Task to carry out — When you return the data, keep every word exact and include none of the images.

Available data —
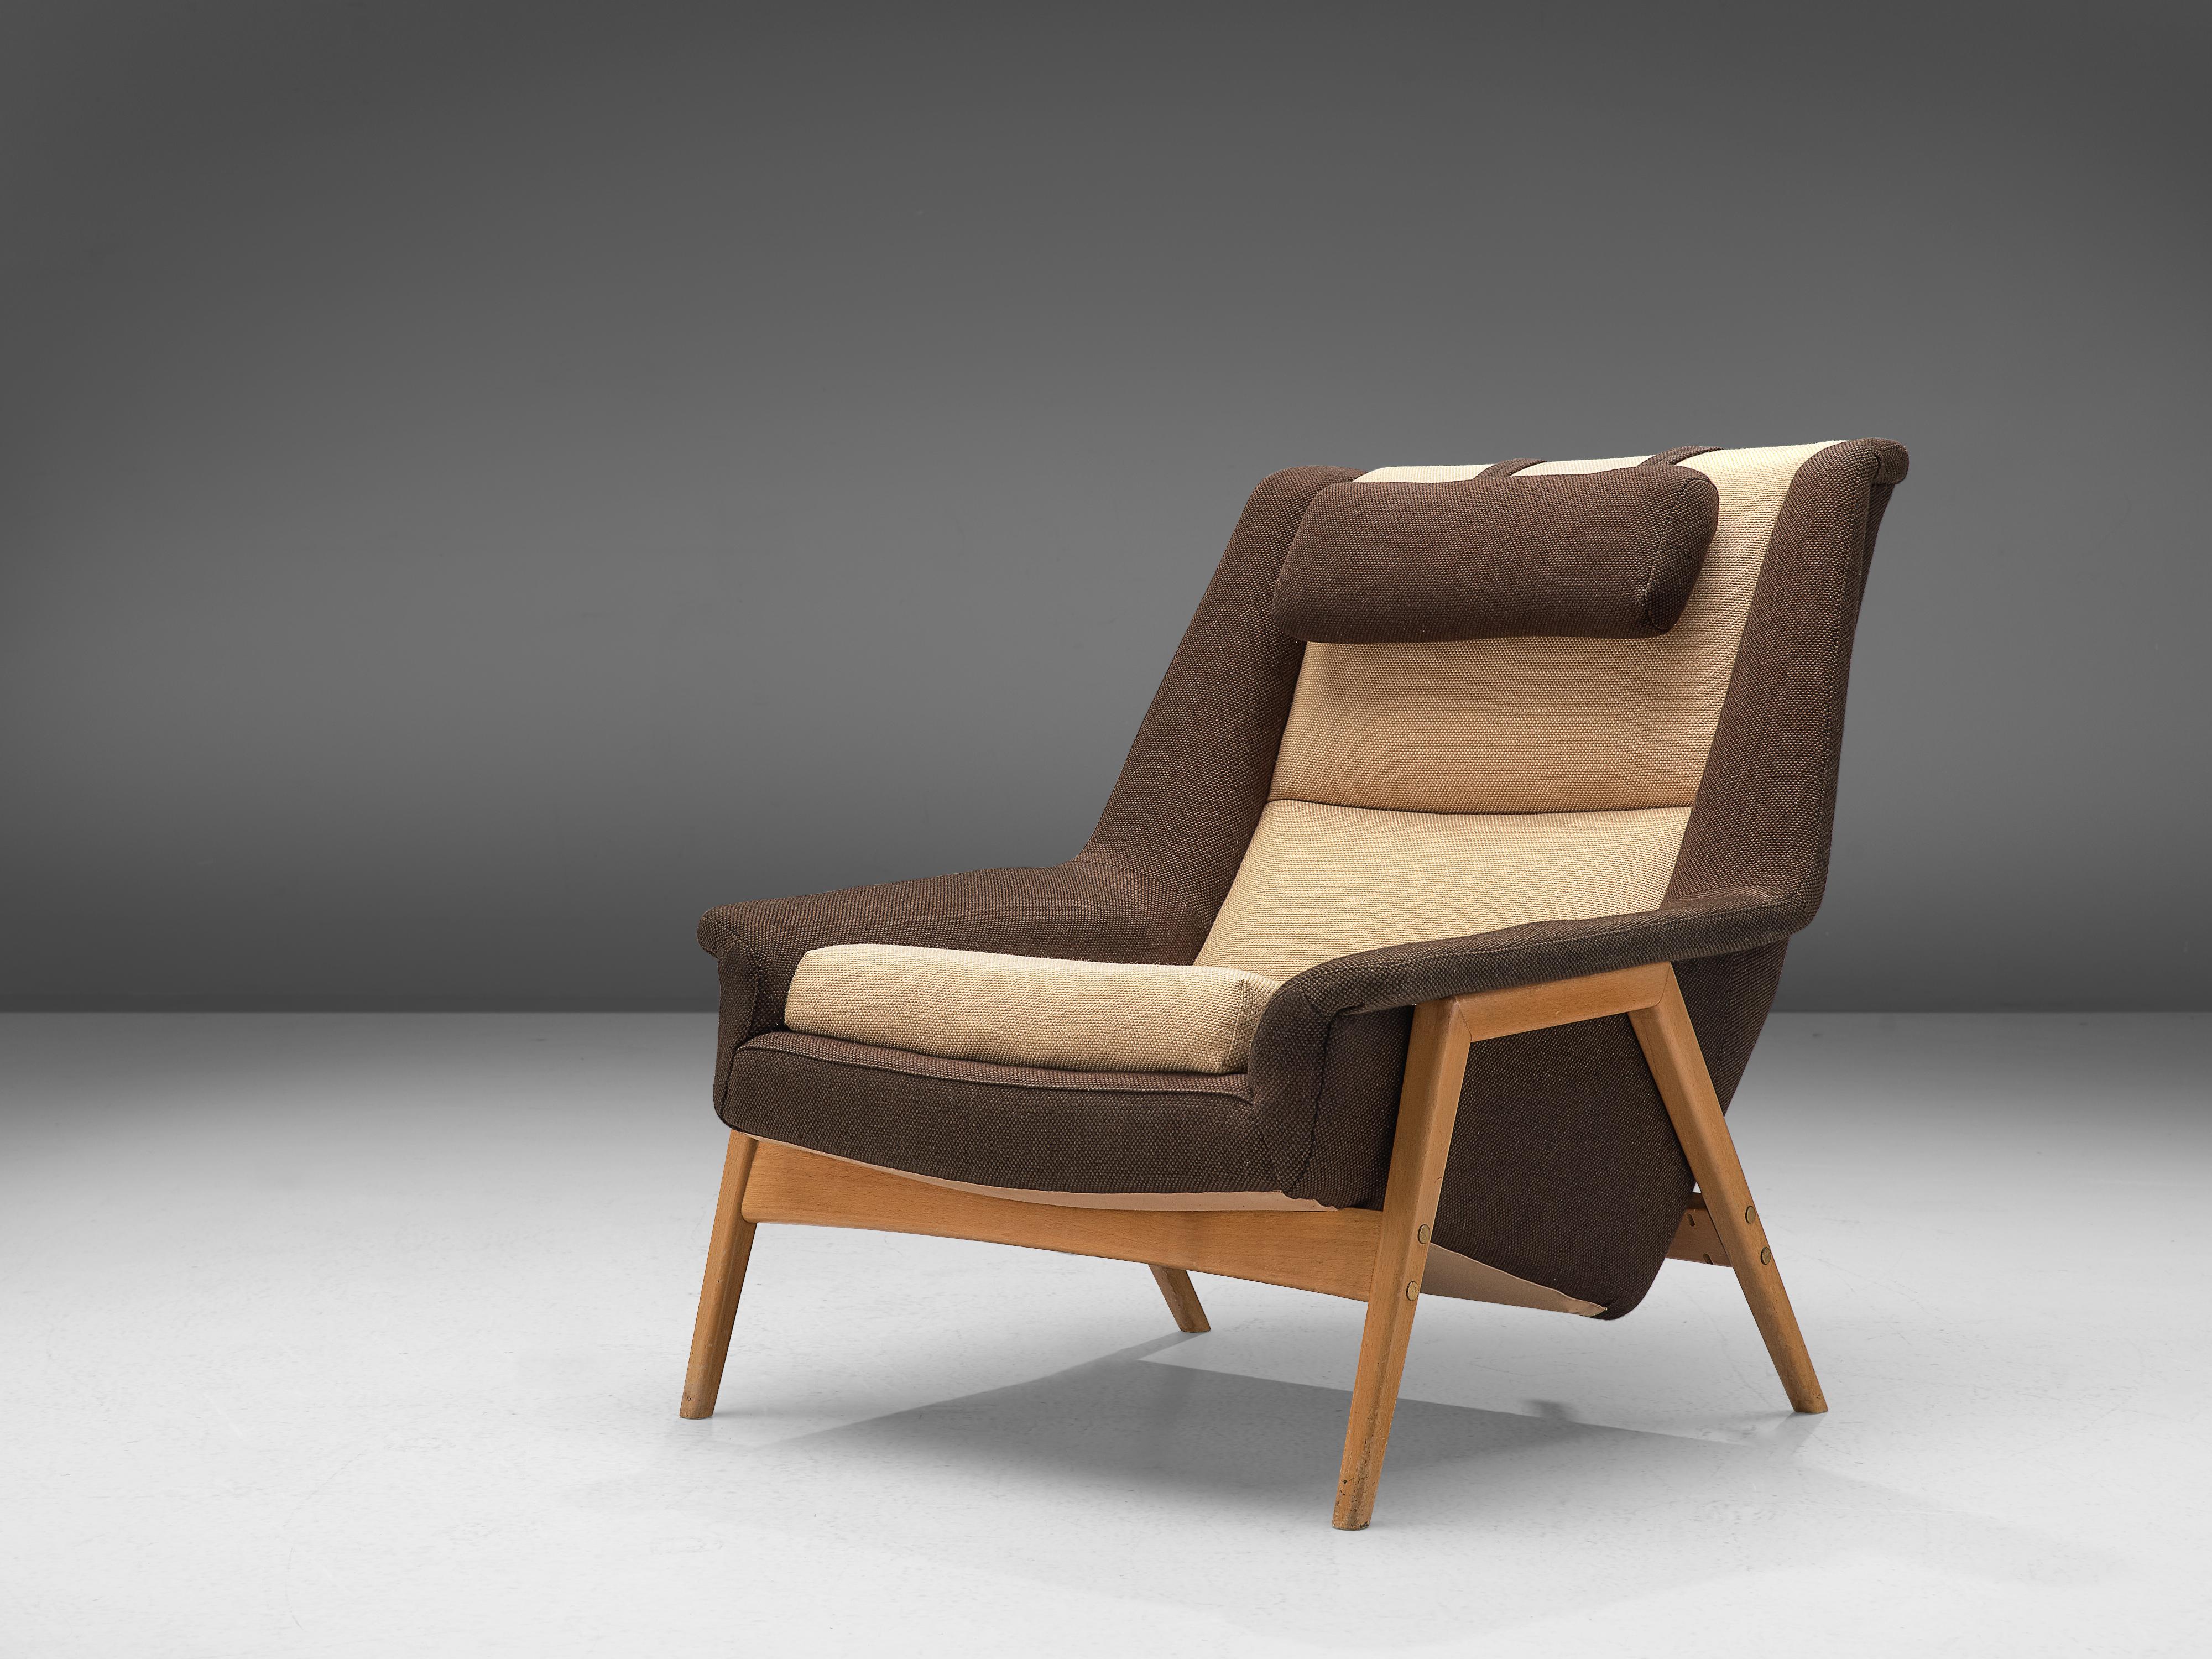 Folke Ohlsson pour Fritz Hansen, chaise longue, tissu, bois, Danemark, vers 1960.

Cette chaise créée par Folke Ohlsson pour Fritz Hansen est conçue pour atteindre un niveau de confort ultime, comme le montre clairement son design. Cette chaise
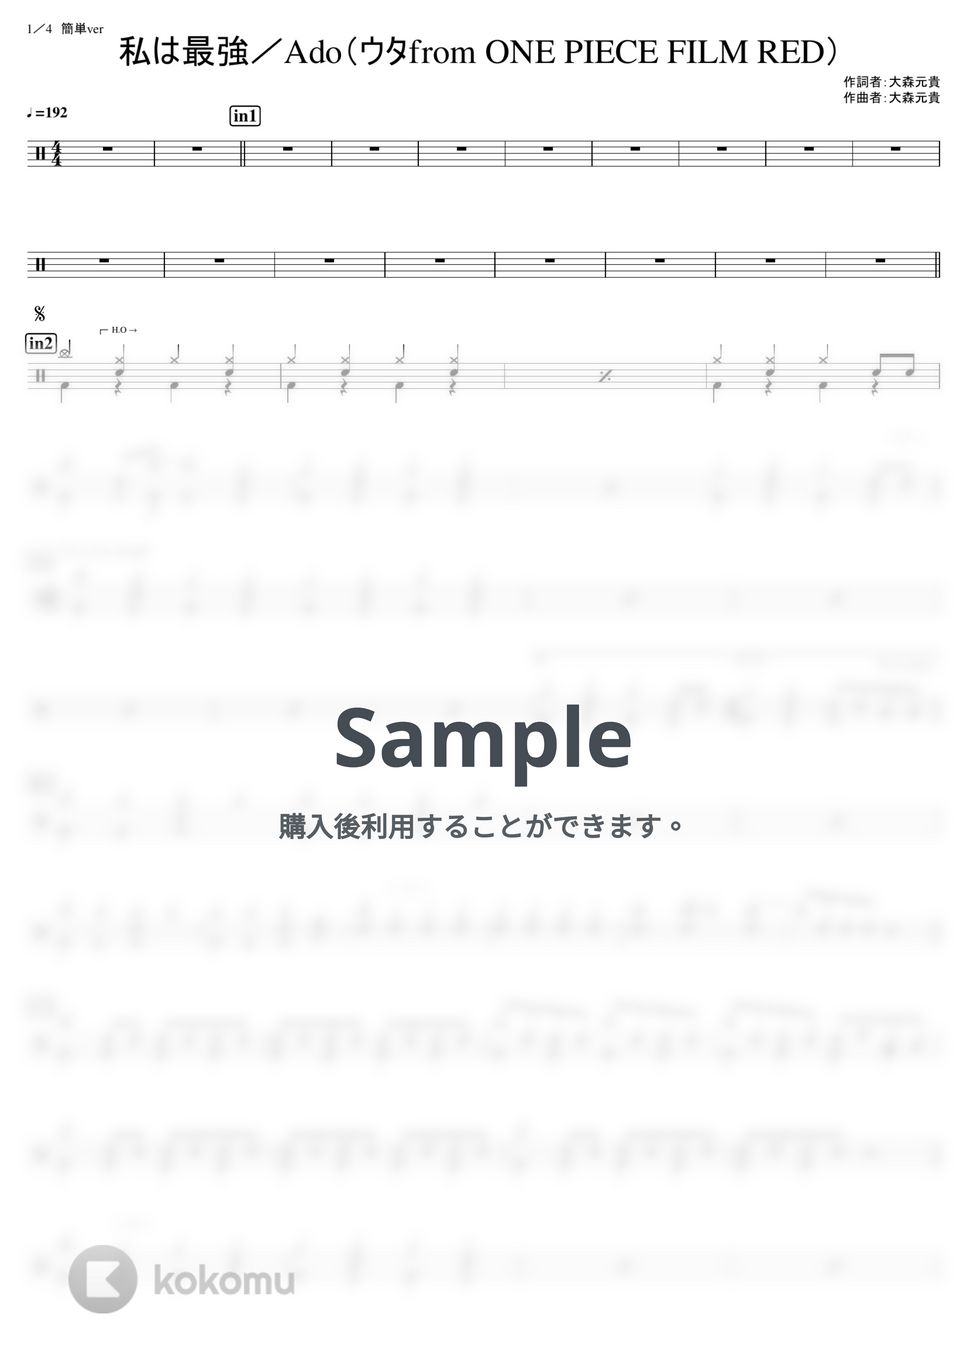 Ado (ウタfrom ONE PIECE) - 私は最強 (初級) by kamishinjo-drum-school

Solution to this task —
 Folke Ohlsson pour Fritz Hansen, chaise longue, tissu, bois, Danemark, vers 1960.

Cette chaise créée par Folke Ohlsson pour Fritz Hansen est conçue pour atteindre un niveau de confort ultime, comme le montre clairement son design. Cette chaise
 Ado (ウタfrom ONE PIECE) - 私は最強 (初級) by kamishinjo-drum-school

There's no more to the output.